** INSTRUCTIONS TO FOLLOW **
From the line containing "The National Monument" to the last line of the records below, retype every line exactly and output nothing else.

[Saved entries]
BEGIN

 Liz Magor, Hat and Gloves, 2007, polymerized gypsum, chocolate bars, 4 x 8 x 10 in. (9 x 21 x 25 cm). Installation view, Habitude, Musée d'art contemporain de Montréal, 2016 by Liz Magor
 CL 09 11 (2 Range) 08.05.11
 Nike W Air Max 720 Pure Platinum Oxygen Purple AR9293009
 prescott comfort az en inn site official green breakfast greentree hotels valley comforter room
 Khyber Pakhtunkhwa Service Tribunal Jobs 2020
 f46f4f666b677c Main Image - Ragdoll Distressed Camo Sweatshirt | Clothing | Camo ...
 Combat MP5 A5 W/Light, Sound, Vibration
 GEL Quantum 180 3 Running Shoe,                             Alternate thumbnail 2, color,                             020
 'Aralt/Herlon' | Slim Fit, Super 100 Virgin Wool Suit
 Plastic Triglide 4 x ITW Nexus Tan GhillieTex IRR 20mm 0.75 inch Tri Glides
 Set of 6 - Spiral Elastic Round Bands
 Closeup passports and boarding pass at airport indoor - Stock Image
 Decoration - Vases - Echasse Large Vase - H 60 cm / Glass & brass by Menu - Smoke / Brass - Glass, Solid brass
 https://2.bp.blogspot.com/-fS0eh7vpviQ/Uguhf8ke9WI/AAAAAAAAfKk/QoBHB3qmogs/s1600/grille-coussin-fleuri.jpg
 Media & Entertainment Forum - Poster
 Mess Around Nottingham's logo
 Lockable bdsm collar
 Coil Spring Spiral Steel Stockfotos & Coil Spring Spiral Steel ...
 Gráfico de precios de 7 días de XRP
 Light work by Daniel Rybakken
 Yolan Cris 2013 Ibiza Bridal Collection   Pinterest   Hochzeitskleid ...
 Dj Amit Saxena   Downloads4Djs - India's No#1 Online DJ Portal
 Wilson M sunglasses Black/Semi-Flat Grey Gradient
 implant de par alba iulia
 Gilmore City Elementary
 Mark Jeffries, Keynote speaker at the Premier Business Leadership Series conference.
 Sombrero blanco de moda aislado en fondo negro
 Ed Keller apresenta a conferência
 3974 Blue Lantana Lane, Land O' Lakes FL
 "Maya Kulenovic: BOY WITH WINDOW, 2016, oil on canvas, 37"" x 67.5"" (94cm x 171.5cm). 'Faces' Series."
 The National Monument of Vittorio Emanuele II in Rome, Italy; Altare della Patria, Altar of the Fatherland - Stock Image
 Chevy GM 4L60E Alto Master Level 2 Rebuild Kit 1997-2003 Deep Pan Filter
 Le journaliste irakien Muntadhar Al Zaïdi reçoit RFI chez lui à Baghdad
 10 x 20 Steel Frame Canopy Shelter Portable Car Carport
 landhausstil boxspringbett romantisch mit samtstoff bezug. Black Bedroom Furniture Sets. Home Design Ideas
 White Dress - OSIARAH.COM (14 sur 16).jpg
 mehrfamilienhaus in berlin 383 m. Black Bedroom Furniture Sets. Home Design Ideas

END

** RESPONSE FOR THIS EXERCISE **
 The National Monument of Vittorio Emanuele II in Rome, Italy; Altare della Patria, Altar of the Fatherland - Stock Image
 Chevy GM 4L60E Alto Master Level 2 Rebuild Kit 1997-2003 Deep Pan Filter
 Le journaliste irakien Muntadhar Al Zaïdi reçoit RFI chez lui à Baghdad
 10 x 20 Steel Frame Canopy Shelter Portable Car Carport
 landhausstil boxspringbett romantisch mit samtstoff bezug. Black Bedroom Furniture Sets. Home Design Ideas
 White Dress - OSIARAH.COM (14 sur 16).jpg
 mehrfamilienhaus in berlin 383 m. Black Bedroom Furniture Sets. Home Design Ideas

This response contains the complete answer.